§ ABOUT THIS EXERCISE
Restate the whole of the data below word for word, skipping the images.

§ SUPPLIED MATERIAL
==========

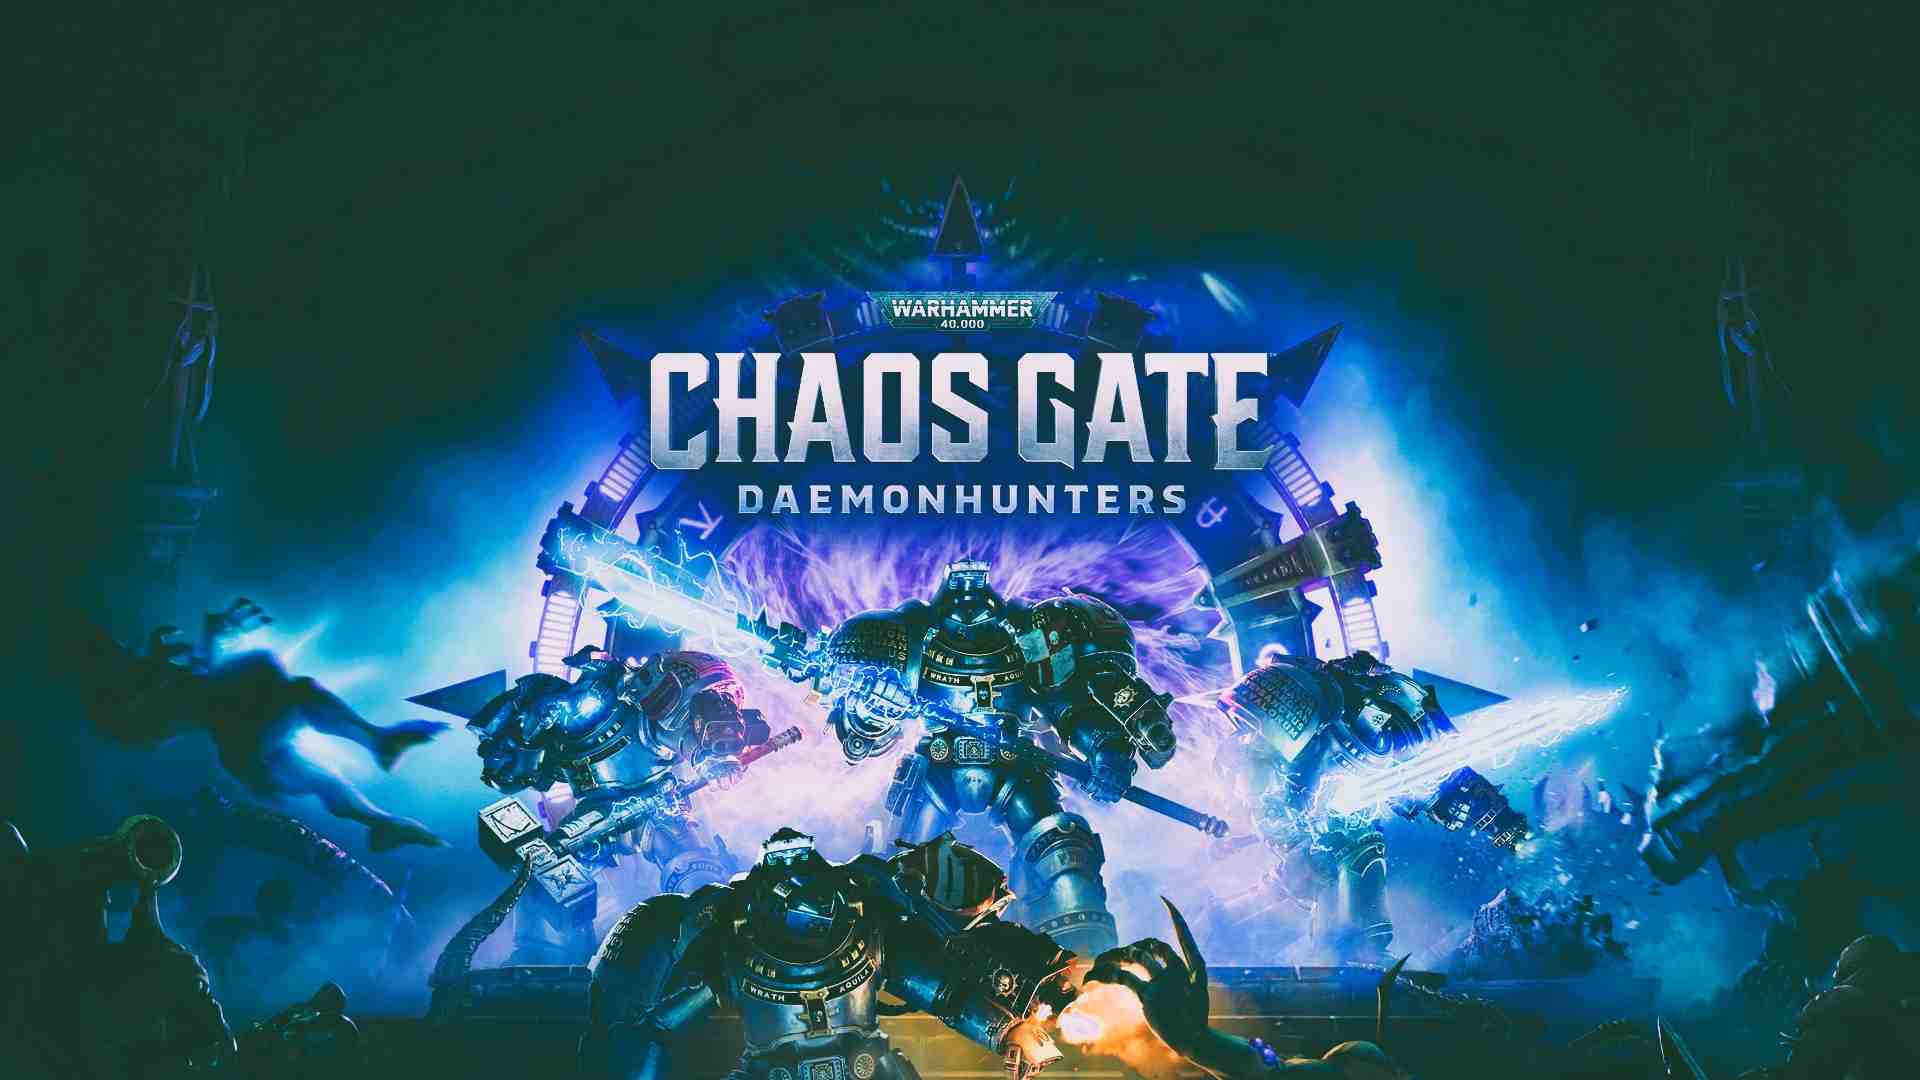 Warhammer 40000 Chaos Gate Daemonhunters Age Rating, Parents Guide
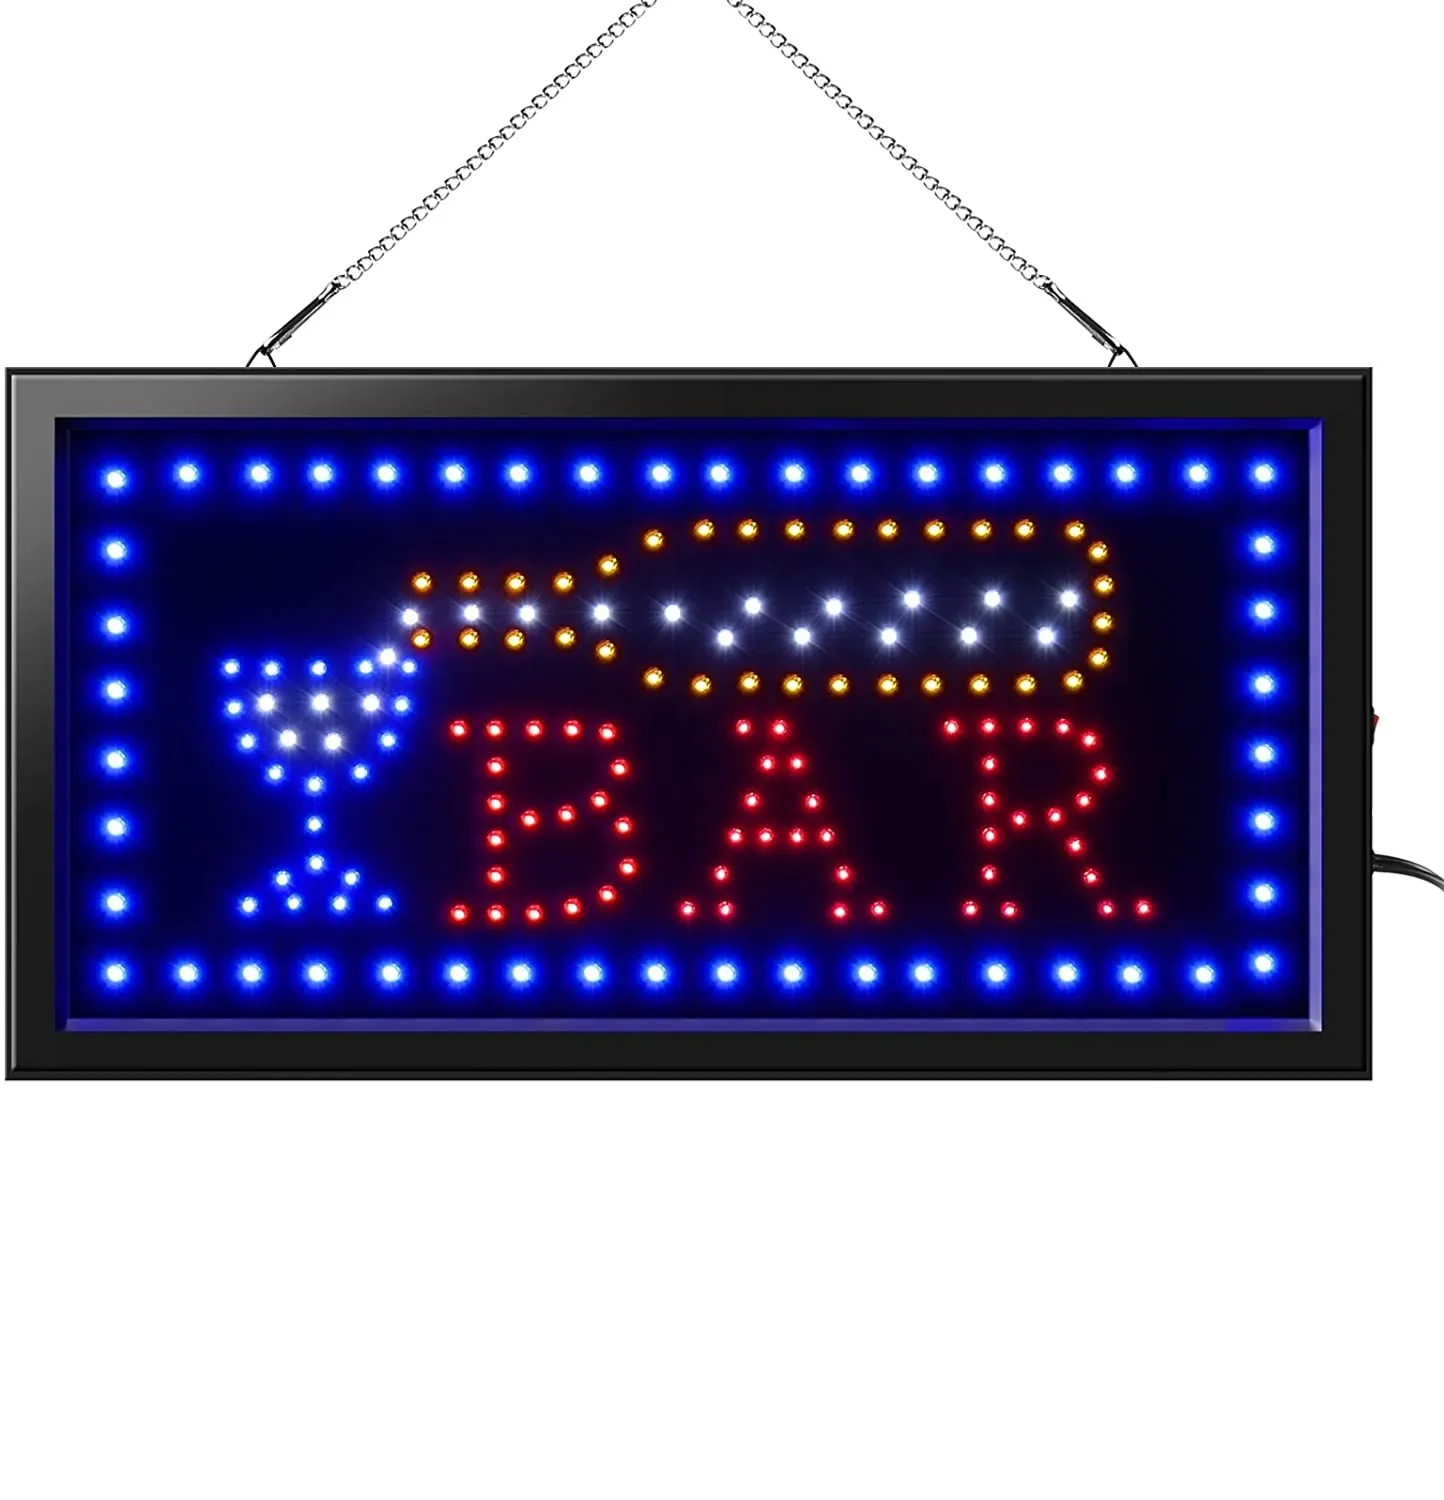 LED OPEN BAR sign electric display advertisement board lights for bar business shop hotel wall decor
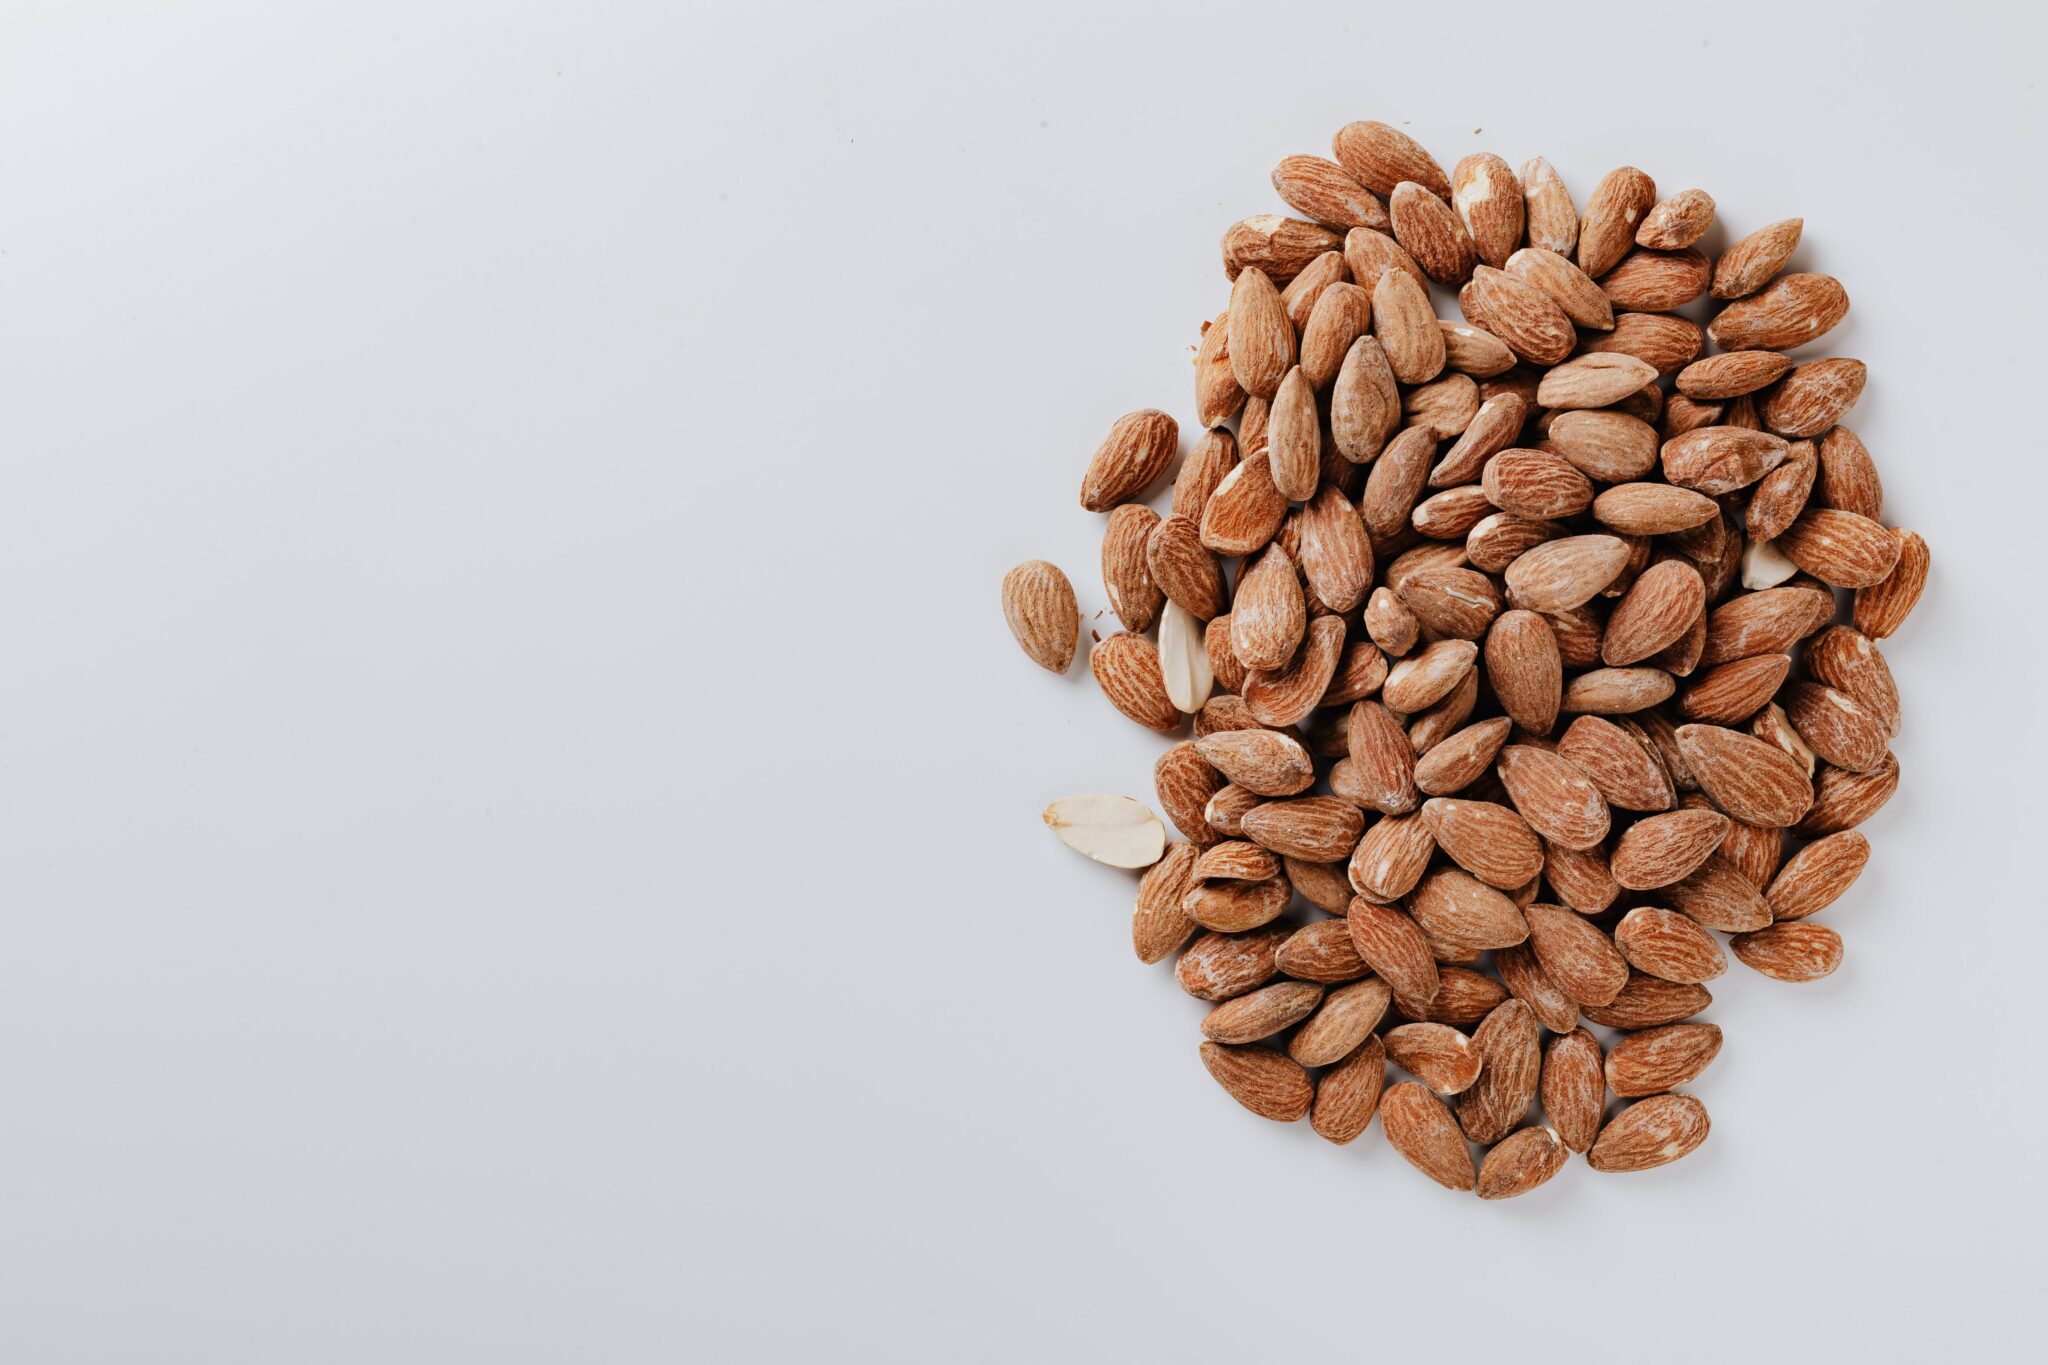 Could Almonds Help Manage Diabetes And Depression

==========

§ SOLUTION
 Warhammer 40000 Chaos Gate Daemonhunters Age Rating, Parents Guide
 LED OPEN BAR sign electric display advertisement board lights for bar business shop hotel wall decor
 Could Almonds Help Manage Diabetes And Depression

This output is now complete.